■ EXERCISE ■
Starting at the line with "View fullscreen 00fc127545dd9", retype every remaining line of the records exactly. Do not include pictures.

■ SOURCE MATERIAL ■
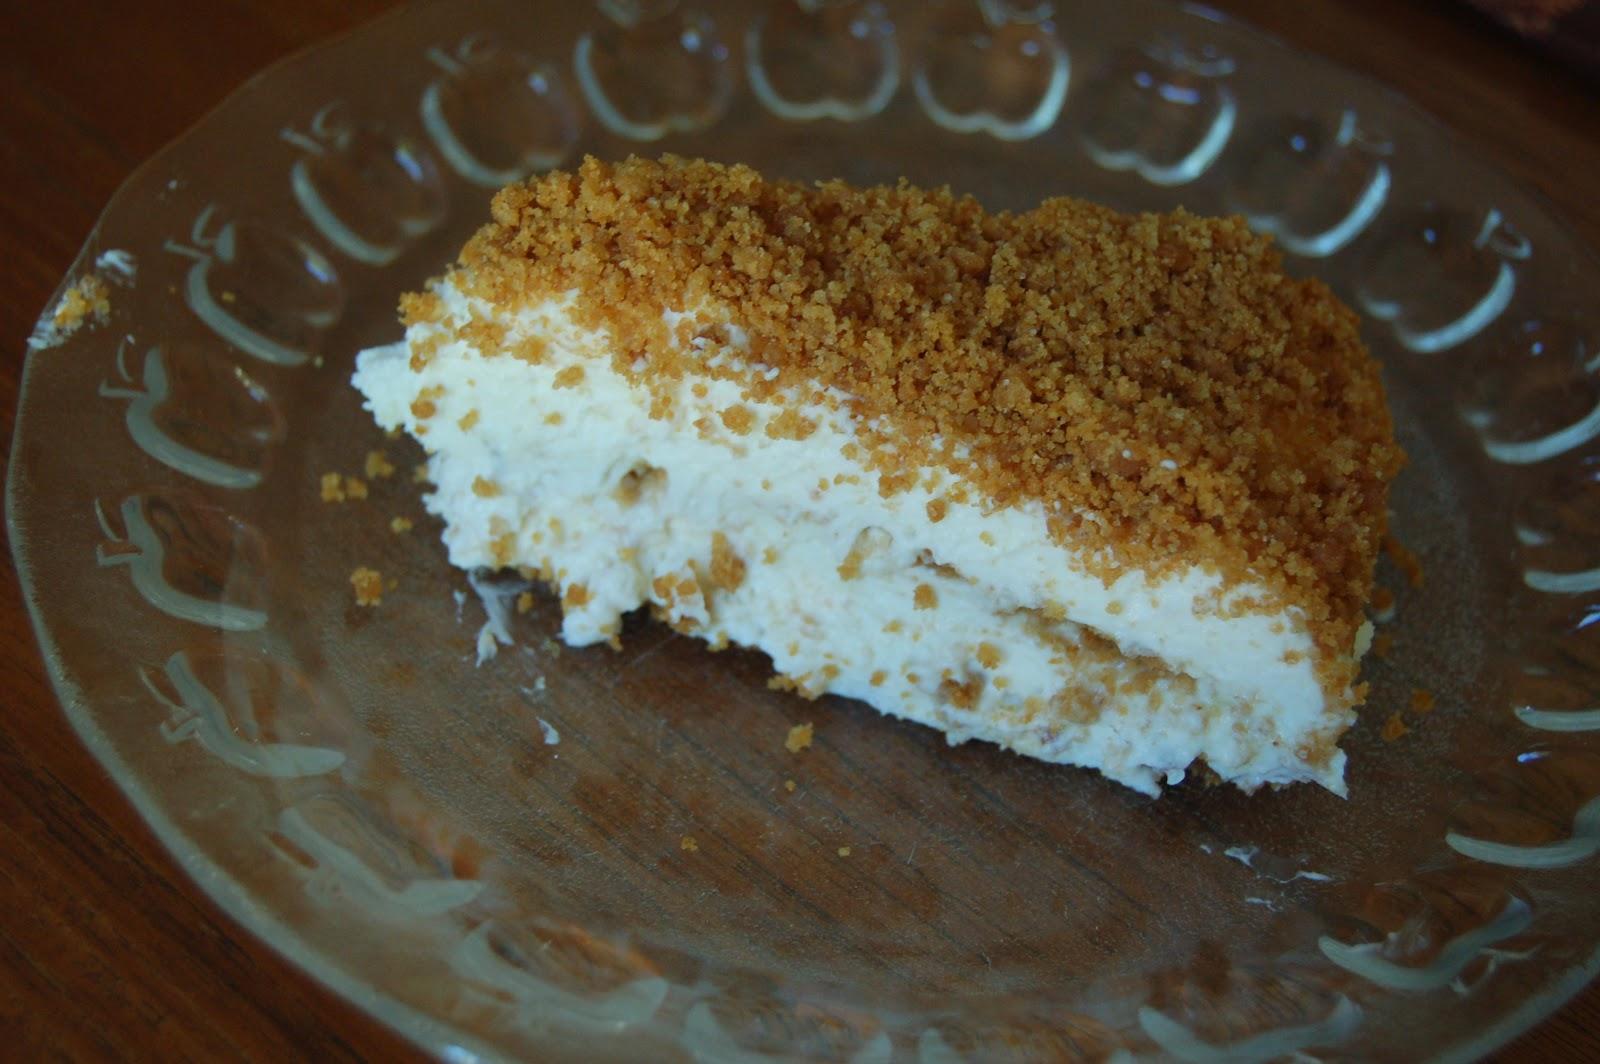 liebe: Ginger-Mascarpone Icebox Cake!
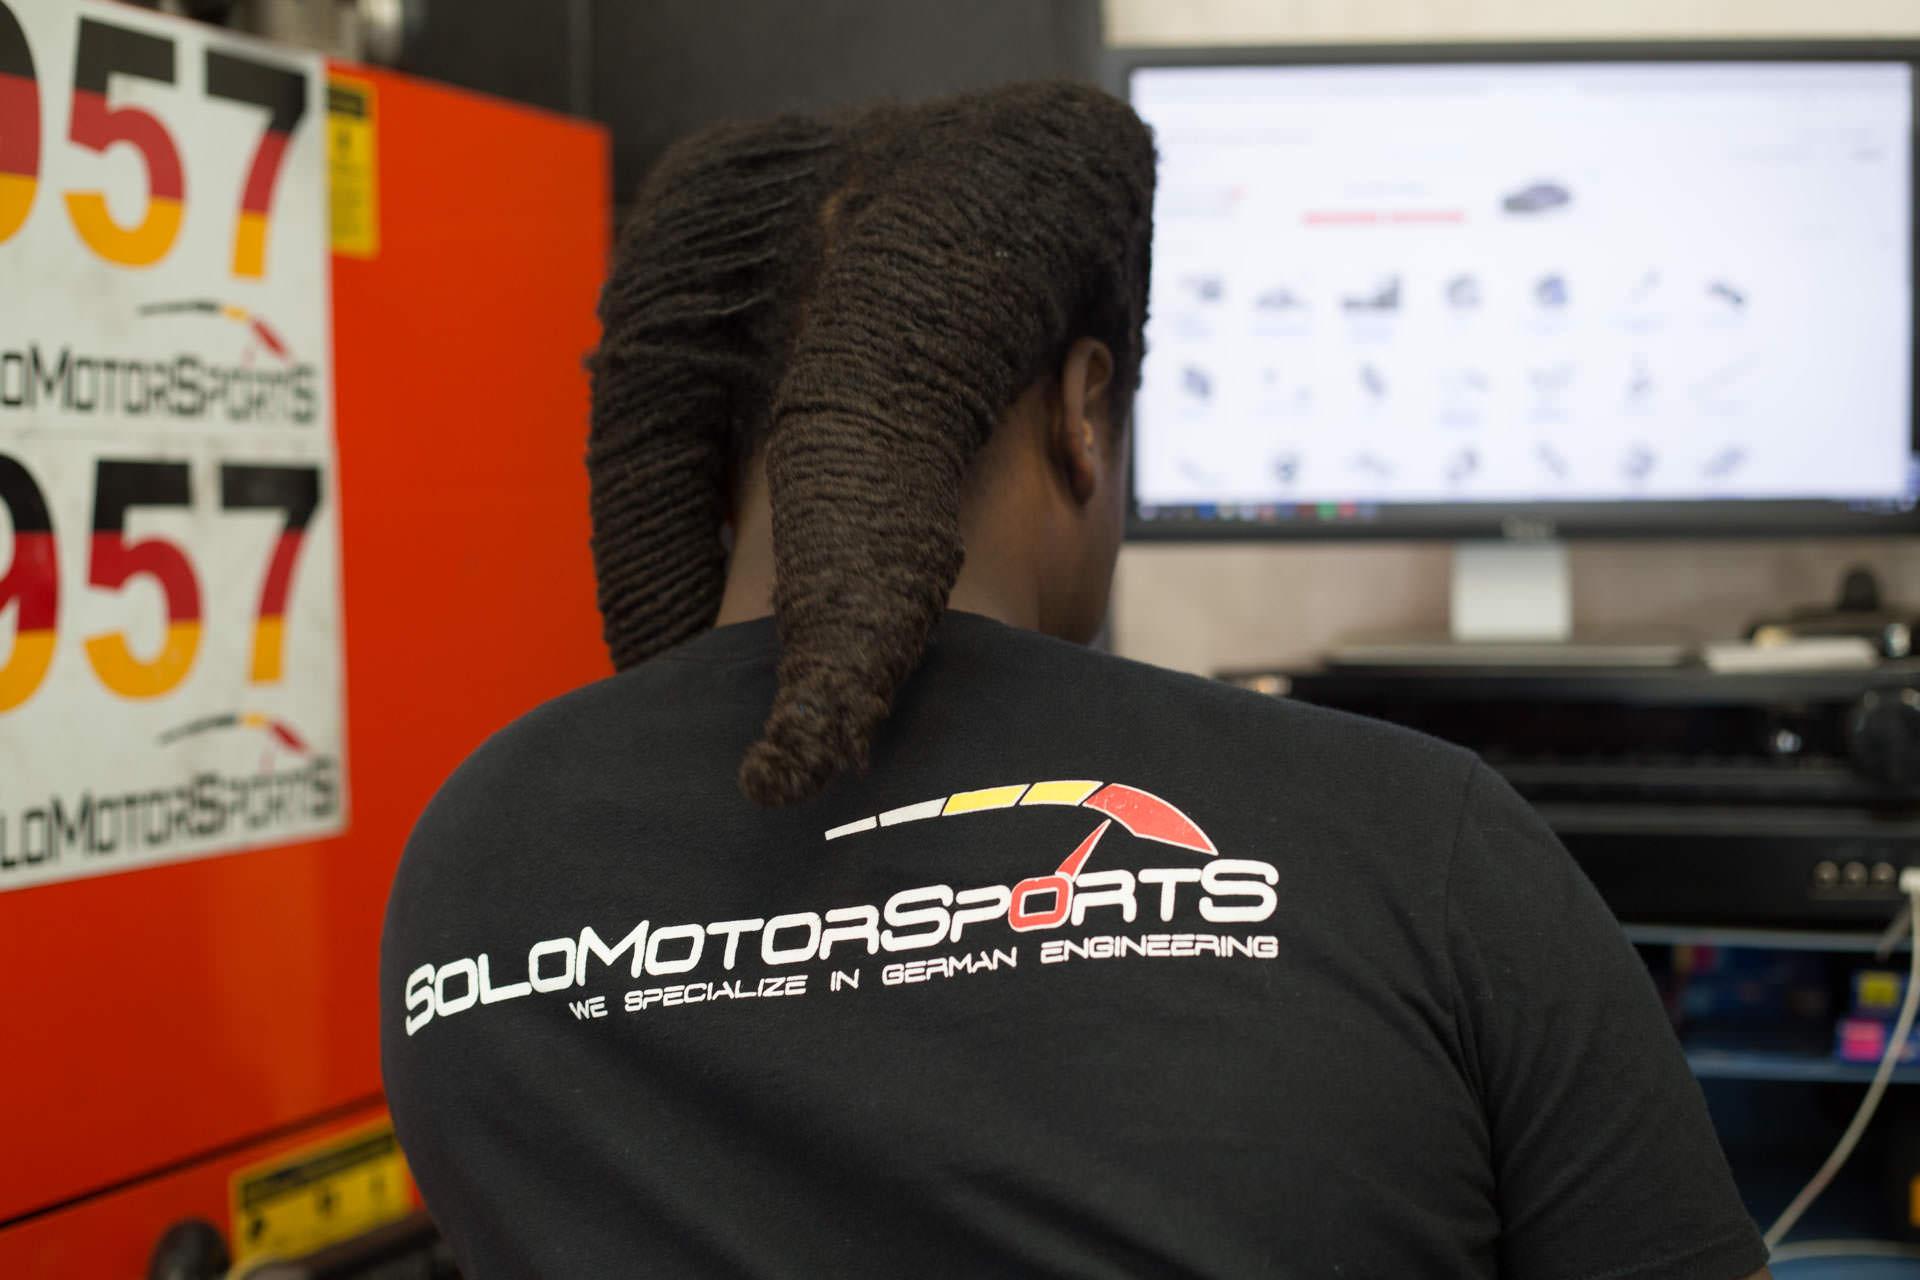 Solo Motorsports Dyno Tuning Exotics 17 Solo Motorsports
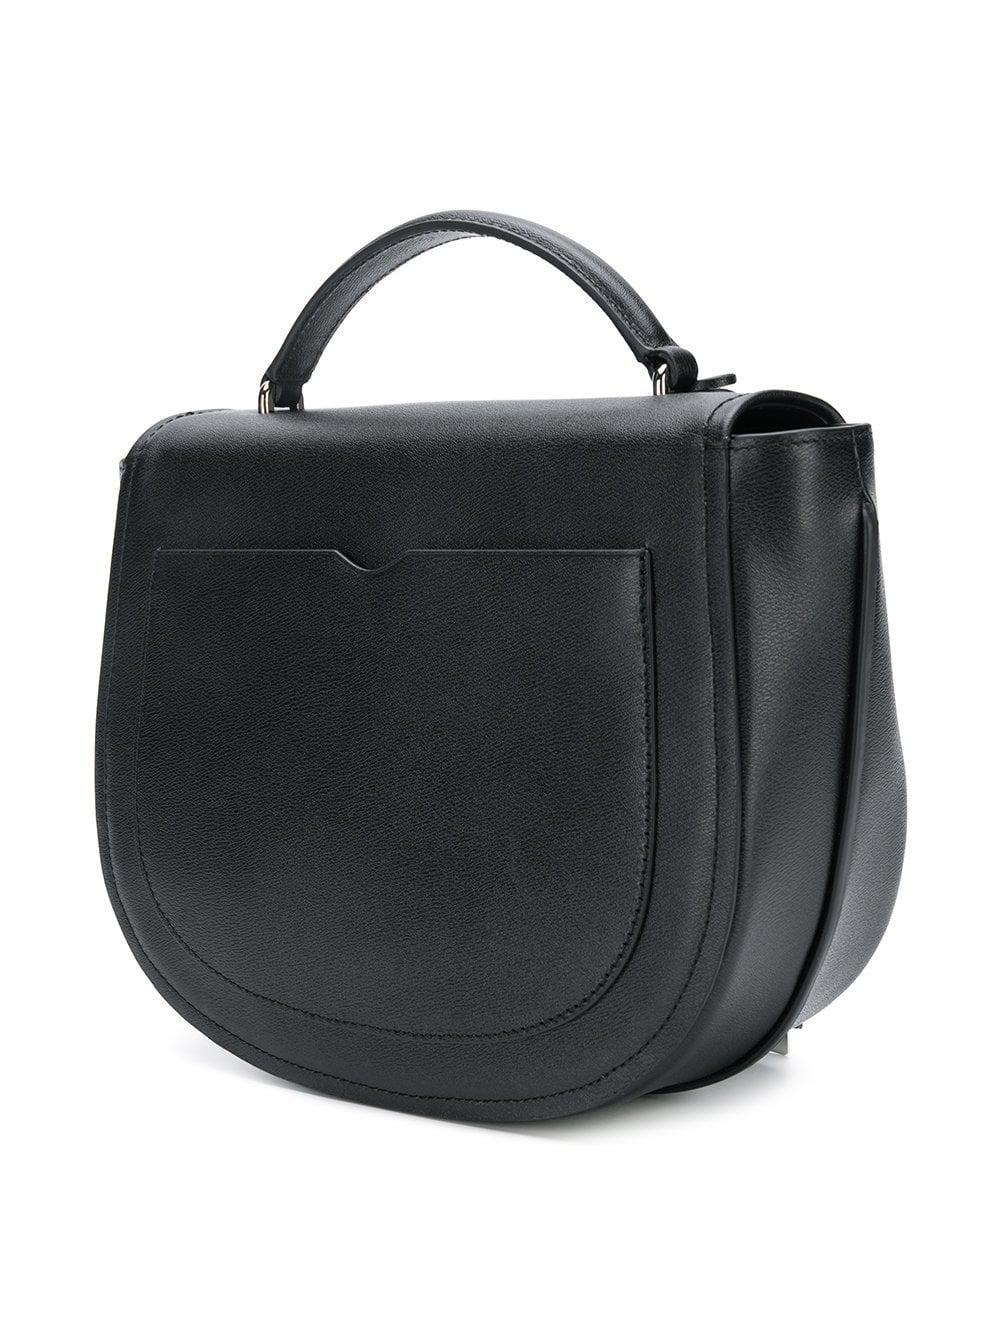 ... Black Hudson Top Handle Saddle Bag - Lyst. View fullscreen 00fc127545dd9
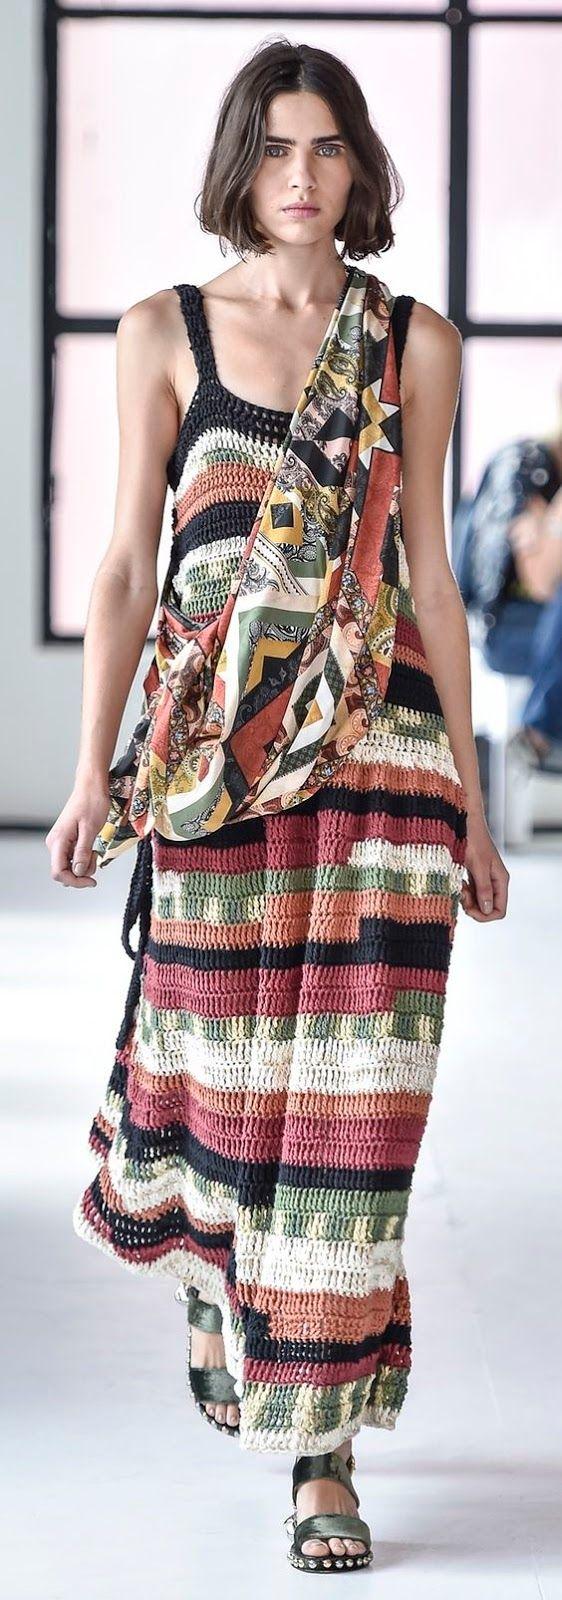 María Cielo: Crochet inspiración: vestido largo
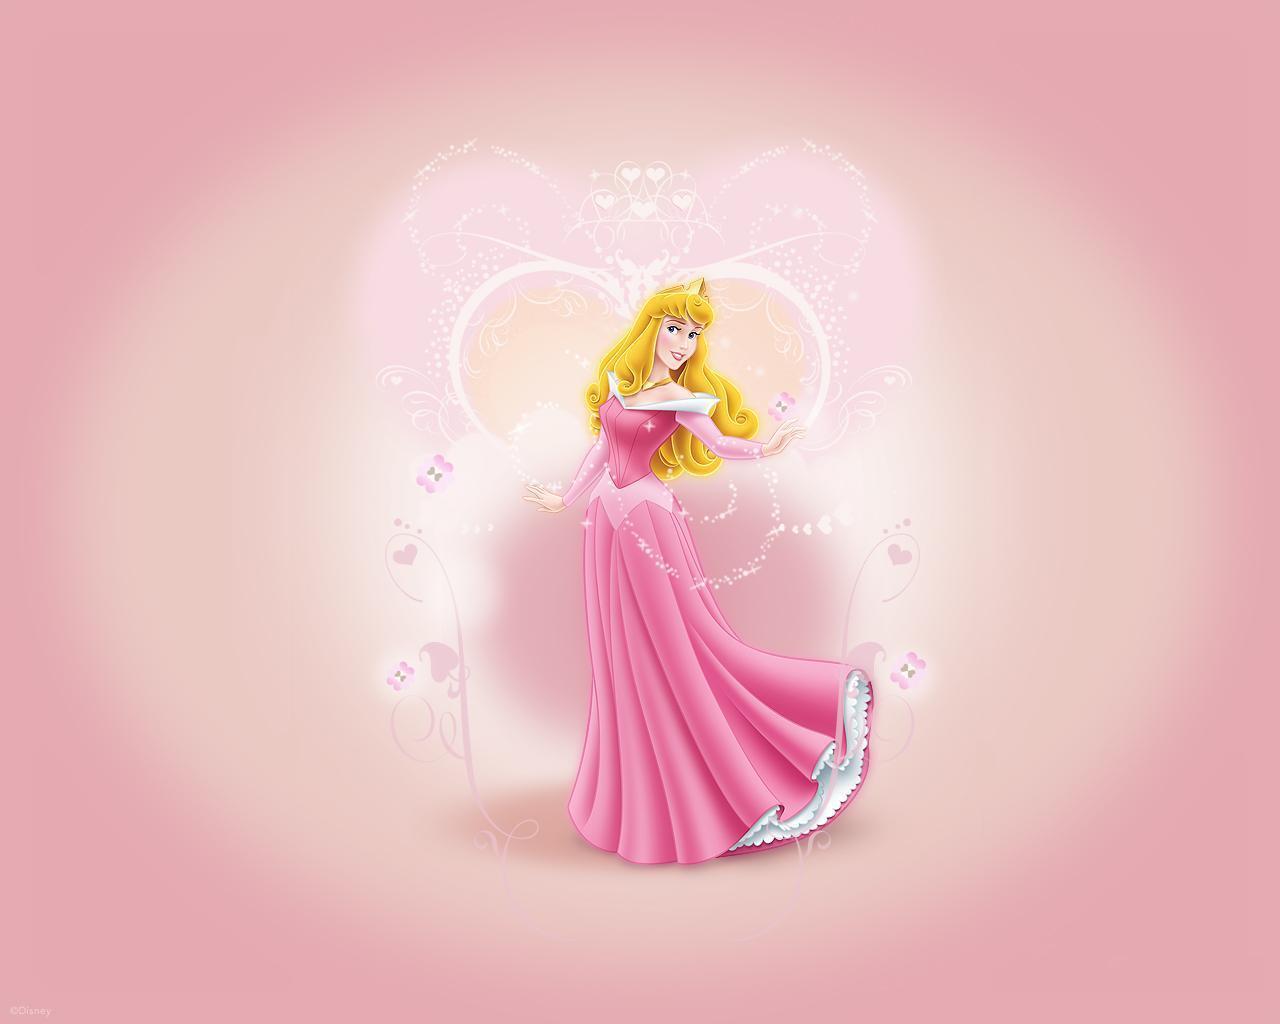 Princess Aurora   Disney Princess Wallpaper 7737345 1280x1024

■ REPLY ■
 ... Black Hudson Top Handle Saddle Bag - Lyst. View fullscreen 00fc127545dd9
 María Cielo: Crochet inspiración: vestido largo
 Princess Aurora   Disney Princess Wallpaper 7737345 1280x1024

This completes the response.